# playwright_

> Fill in a module description here

In [None]:
#| default_exp playwright_

In [None]:
#| export
import asyncio
from playwright.async_api import async_playwright, Page, Playwright, Browser
import traceback
import re
from fastcore.all import *
from urllib.parse import urlparse, urlencode, quote_plus, unquote
from scraper.core import *
import requests
from collections import deque

In [None]:
#| export

DEBUG = True
BROWSERS = {
    "ch": lambda pw: pw.chromium,
    "ff": lambda pw: pw.firefox,
    "wk": lambda pw: pw.webkit,
}

async def get_brow(pw: Playwright, brow_n: str):
    """
    return browser_name object from 
    ch -> chromium
    ff -> firefox
    wk -> webkit
    """
    browser_func = BROWSERS.get(brow_n)
    if not browser_func:
        raise ValueError(f"Unknown browser: {brow_n}")
    return await browser_func(pw).launch(headless=DEBUG==False)

In [None]:
async with async_playwright() as pw:
    async def _test(bn):
        browser = await get_brow(pw, bn)
        assert browser is not None
        print(f"Launched {bn}")
        await browser.close()

    await asyncio.gather(
        _test("ch"),
        _test("ff"),
        _test("wk"),
    )

Launched wk
Launched ch
Launched ff


In [None]:
#| export 
async def get_href(page:Page):
    """
    Takes in Page object and get back all the href which are not part of `ignore_href`.\n
    It is doen by loop through all the a tags.
    """
    try:
        links = [await tag.get_attribute('href')  for tag in await page.query_selector_all('a')]
        return [ link for link in links if valid_href(link) ]
    except Exception as e:
        print(f"failed for {await page.url}")
        traceback.print_exc()
        raise e

In [None]:
async with async_playwright() as pw:
    brow = await get_brow(pw, "ch")
    page = await brow.new_page()
    await page.goto('https://nbdev.fast.ai/') 
    hrefs = await get_href(page)
    await page.close(); await brow.close()
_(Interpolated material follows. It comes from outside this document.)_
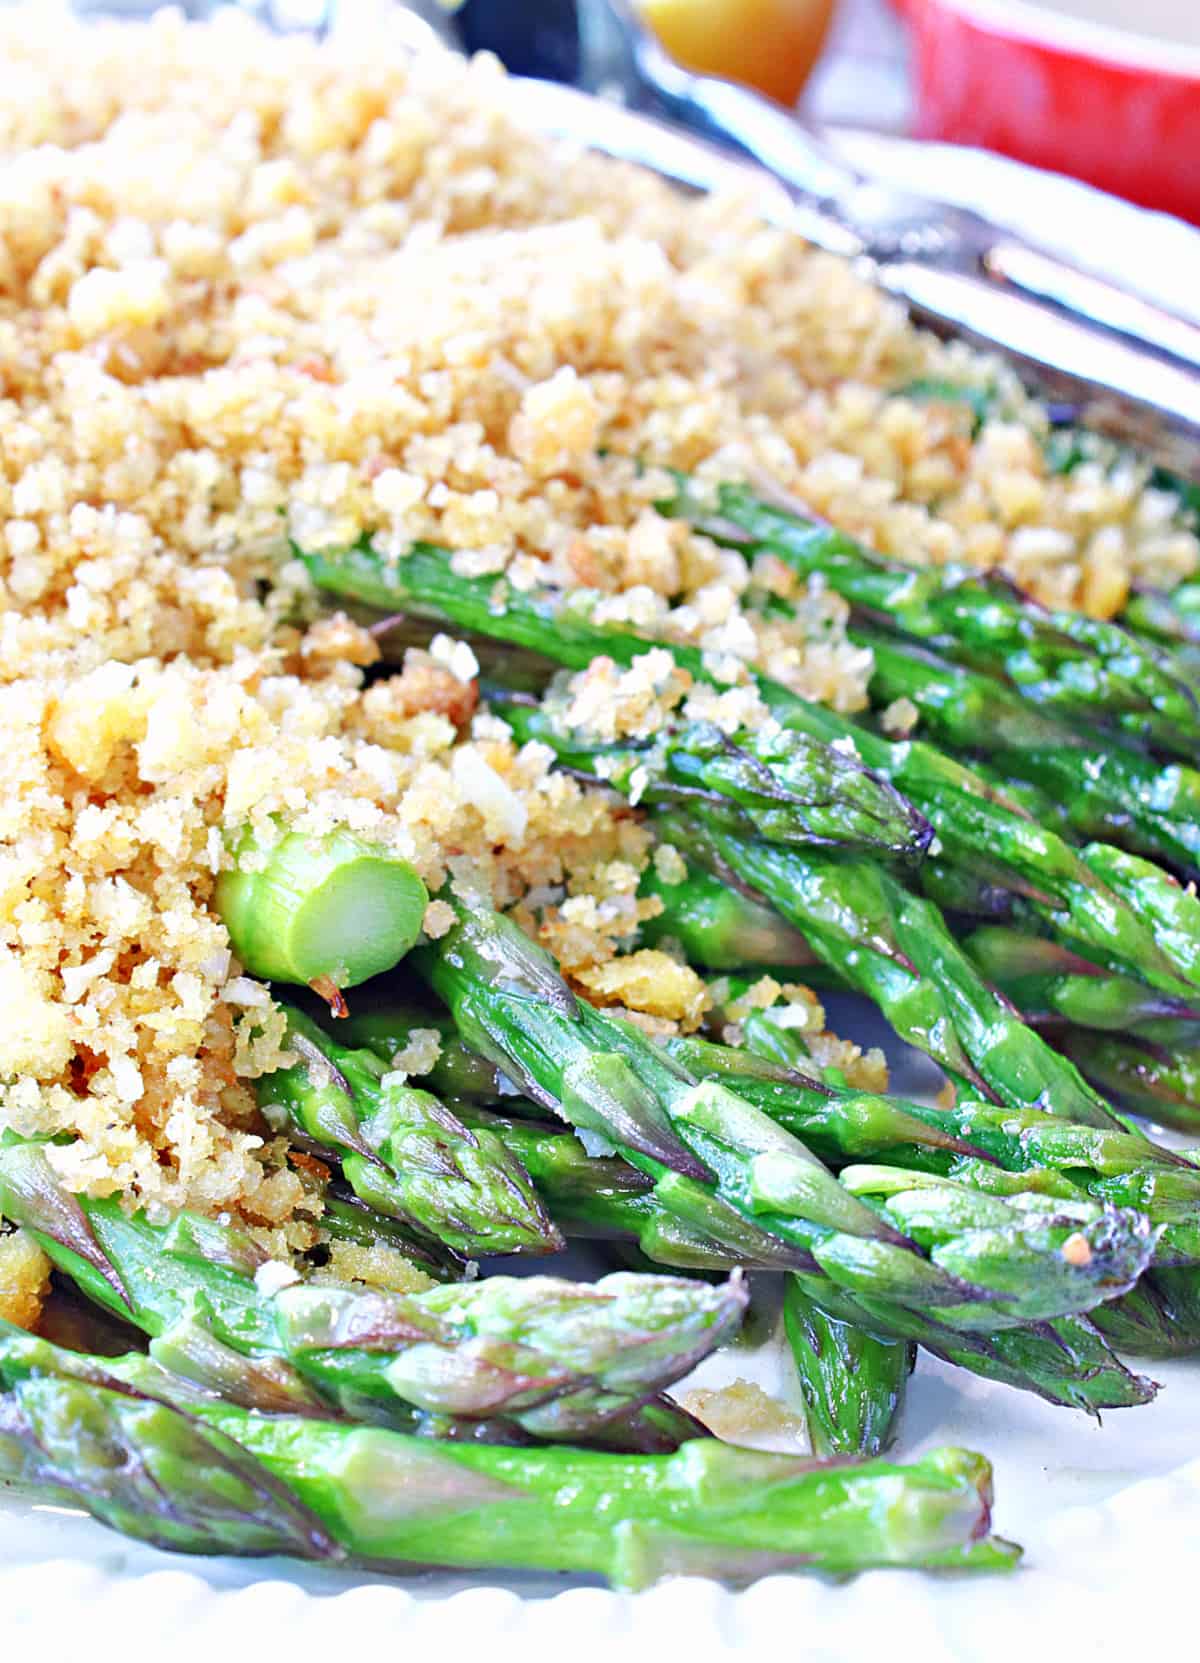 Asparagus with Breadcrumbs Recipe - Kudos Kitchen by Renee

assert len(hrefs) != 0, "Expected href to contain links, but it is empty."
print(f"{hrefs=}")

hrefs=['https://nbdev.fast.ai/', 'https://nbdev.fast.ai/getting_started.html', 'https://nbdev.fast.ai/tutorials/tutorial.html', 'https://nbdev.fast.ai/blog/', 'https://nbdev.fast.ai/#', 'https://github.com/fastai/nbdev/issues', 'https://forums.fast.ai/', 'https://nbdev.fast.ai/getting_started.html#faq', 'https://github.com/fastai/nbdev', 'https://twitter.com/fastdotai', 'https://nbdev.fast.ai/getting_started.html', 'https://nbdev.fast.ai/getting_started.html', 'https://github.com/fastai/nbdev/issues/new']


In [None]:
for i in hrefs:
    print(f"{i=} -> ", hydrate_links("nbdev.fast.ai", i) )
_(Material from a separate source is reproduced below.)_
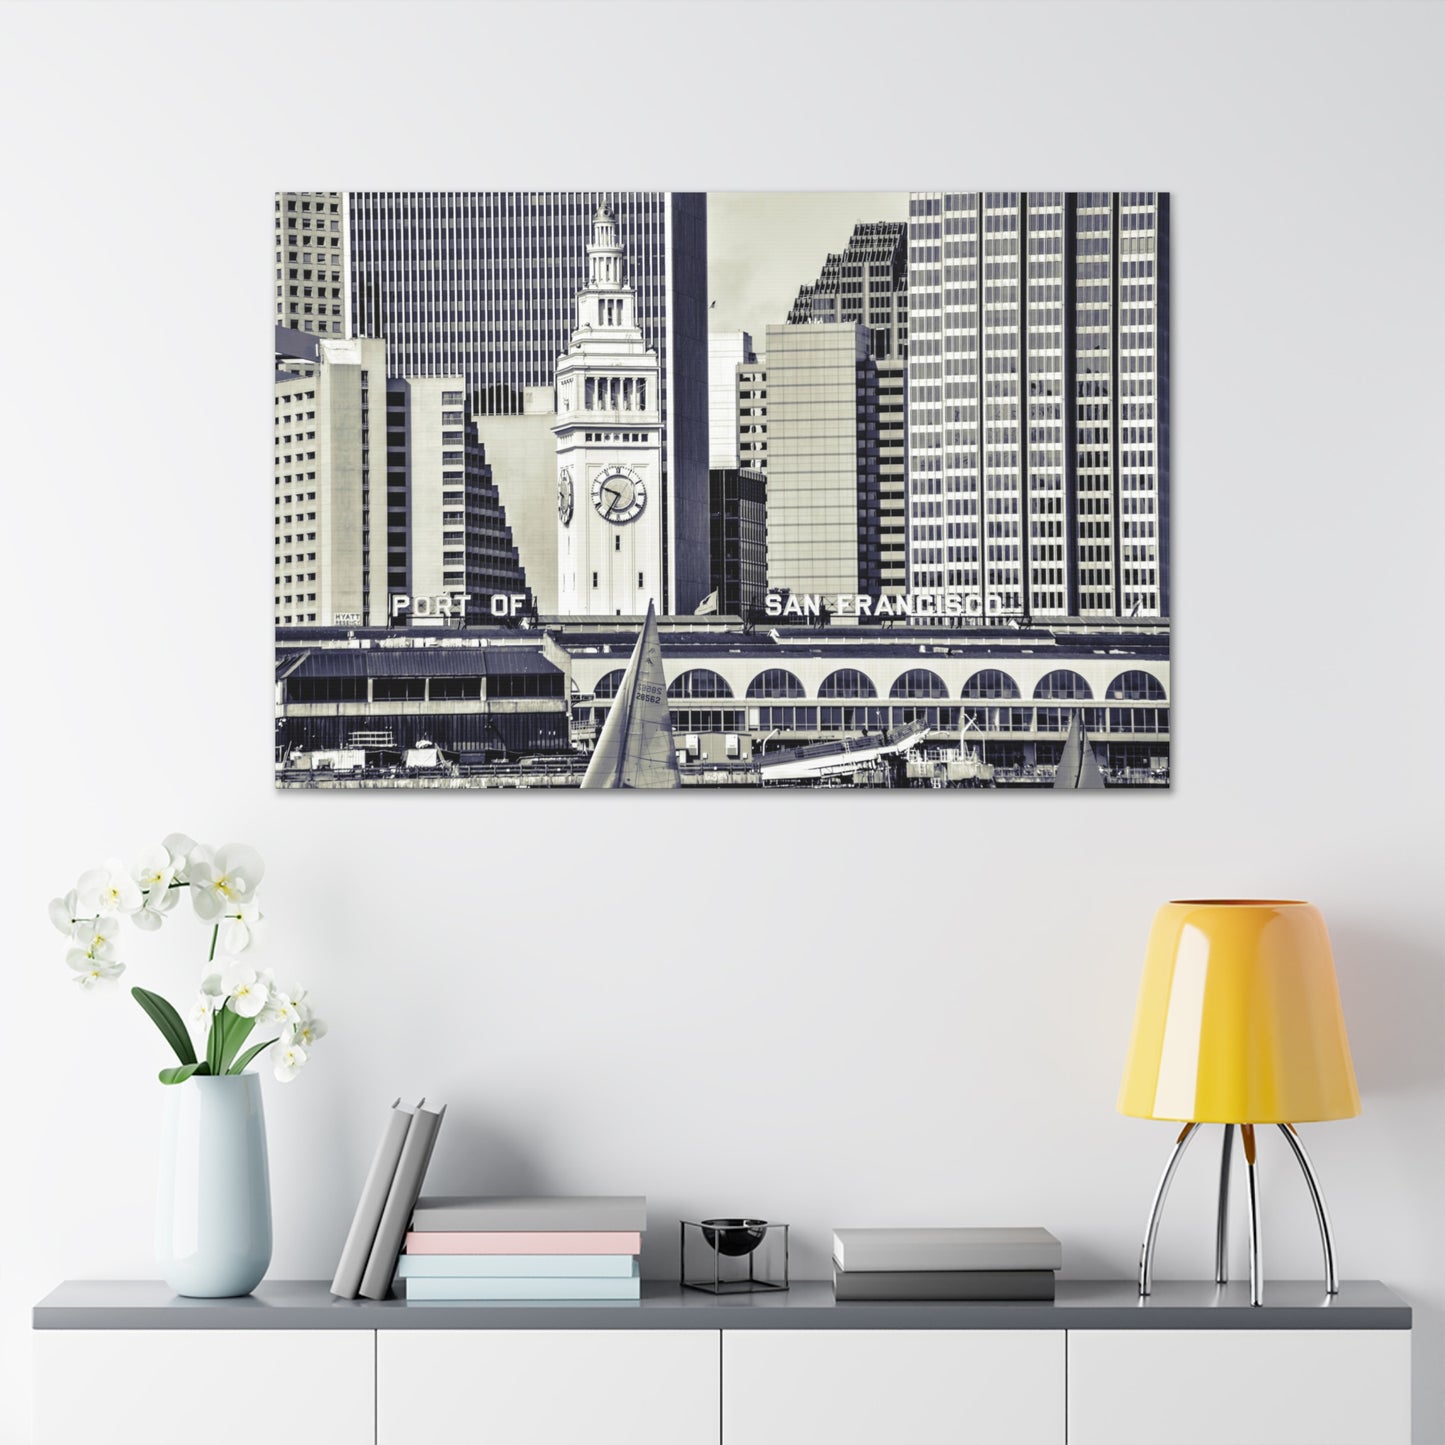 Canvas Print Of Sailboats And The Ferry Building And San Francisco For Wall Art

i='https://nbdev.fast.ai/' ->  https://nbdev.fast.ai
i='https://nbdev.fast.ai/getting_started.html' ->  https://nbdev.fast.ai/getting_started.html
i='https://nbdev.fast.ai/tutorials/tutorial.html' ->  https://nbdev.fast.ai/tutorials/tutorial.html
i='https://nbdev.fast.ai/blog/' ->  https://nbdev.fast.ai/blog
i='https://nbdev.fast.ai/#' ->  None
i='https://github.com/fastai/nbdev/issues' ->  None
i='https://forums.fast.ai/' ->  None
i='https://nbdev.fast.ai/getting_started.html#faq' ->  None
i='https://github.com/fastai/nbdev' ->  None
i='https://twitter.com/fastdotai' ->  None
i='https://nbdev.fast.ai/getting_started.html' ->  https://nbdev.fast.ai/getting_started.html
i='https://nbdev.fast.ai/getting_started.html' ->  https://nbdev.fast.ai/getting_started.html
i='https://github.com/fastai/nbdev/issues/new' ->  None


In [None]:
#| hide
url = 'https://nbdev.fast.ai/'
fn = "text"
local_domain = urlparse(url).netloc
local_domain

'nbdev.fast.ai'

In [None]:
#| hide
domain_dir = Path(f"../{fn}/{local_domain}")
print(domain_dir)
domain_dir.mkdir(exist_ok=True, parents=True)


../text/nbdev.fast.ai


In [None]:
#| export
log_err = lambda func, url, err: print(f"Error in {func=}\n{url=}\n{err}")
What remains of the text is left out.